To evaluate the percentage of examined neurons, at least 700 Hu C/D-labeled cell bodies in a particular plexus (MP, OSP, and ISP) of each studied animal were examined. Only neurons with well-visible nuclei were counted. To prevent double counting of Hu C/D immunoreactive neurons, the sections were located at least 100 μm apart. The data pooled from all animal groups were statistically analyzed using Statistica 13 software (StatSoft Inc., Tulsa, OK, USA) and expressed as a mean ± standard error (SEM) of mean. Significant differences were evaluated using Student’s t-test for independent samples (* p < 0.05, ** p < 0.01, and *** p < 0.001).
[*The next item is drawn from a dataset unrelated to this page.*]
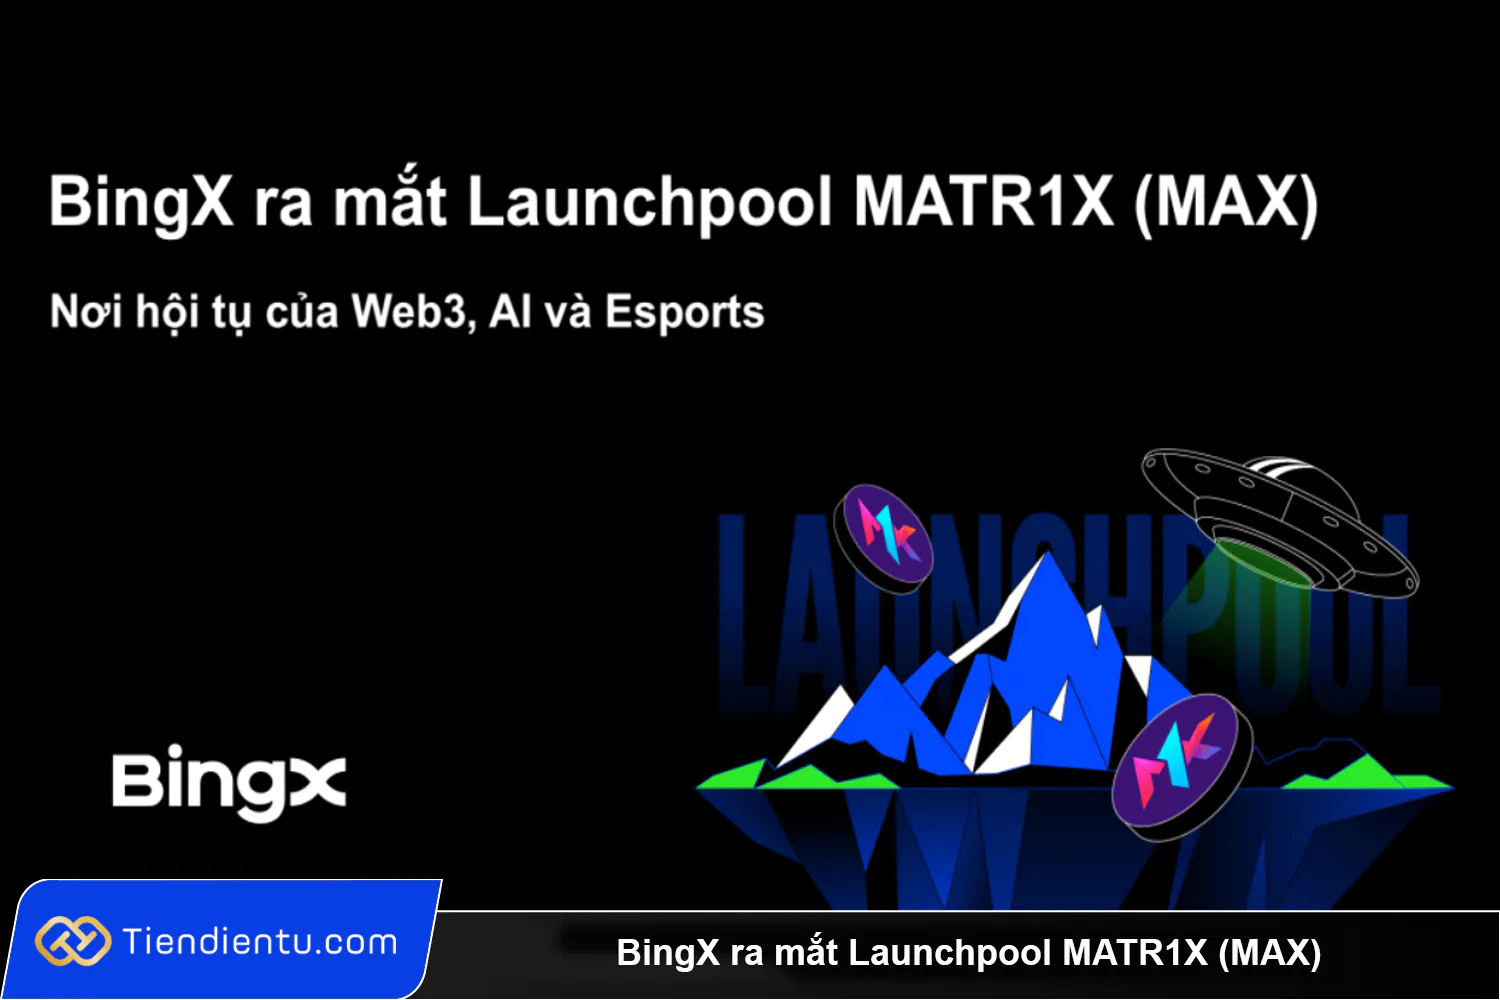 BingX ra mat Launchpool MATR1X MAX

Moreover, for semiquantitative evaluation of the density of nerve fibers immunoreactive to each substance studied, an arbitrary scale was used, where (−)—absence of nerve fibers; (+)—single nerve fibers; (++)—rare nerve fibers; (+++) dense nerve fibers.

Author Contributions

M.B., Conceptualization, Methodology, Formal Analysis, Investigation, Writing—Original Draft Preparation, Writing—Review and Editing; K.P., Investigation, Formal Analysis, Writing—Review and Editing; J.C., Writing—Review and Editing; J.K., Formal Analysis, Writing—Review and Editing; M.N., Formal Analysis, Writing—Review and Editing. All authors have read and agreed to the published version of the manuscript.

Funding

Project financially supported by the Minister of Education and Science under the program entitled “Regional Initiative of Excellence” for the years 2019-2022, Project No. 010/RID/2018/19, amount of funding 12.000.000 PLN.

Institutional Review Board Statement

The animal study protocol was approved by the Institutional Review Board. Local Ethical Committee in Olsztyn (Poland) (decision number 13/2015/DTN) and ac-cording to the Act for the Protection of Animals for Scientific or Educational Purposes of 15 January 2015 (Official Gazette 2015, No. 266), corresponding in the Republic of Poland with special attention paid to minimizing any pain and stress reaction.

Informed Consent Statement

Not applicable.

Data Availability Statement

MDPI Research Data Policies at https://www.mdpi.com/ethics (accessed on 6 March 2022).

Conflicts of Interest

The authors declare no conflict of interest. The funders had no role in the design of the study; in the collection, analyses, or interpretation of data; in the writing of the manuscript, or in the decision to publish the results.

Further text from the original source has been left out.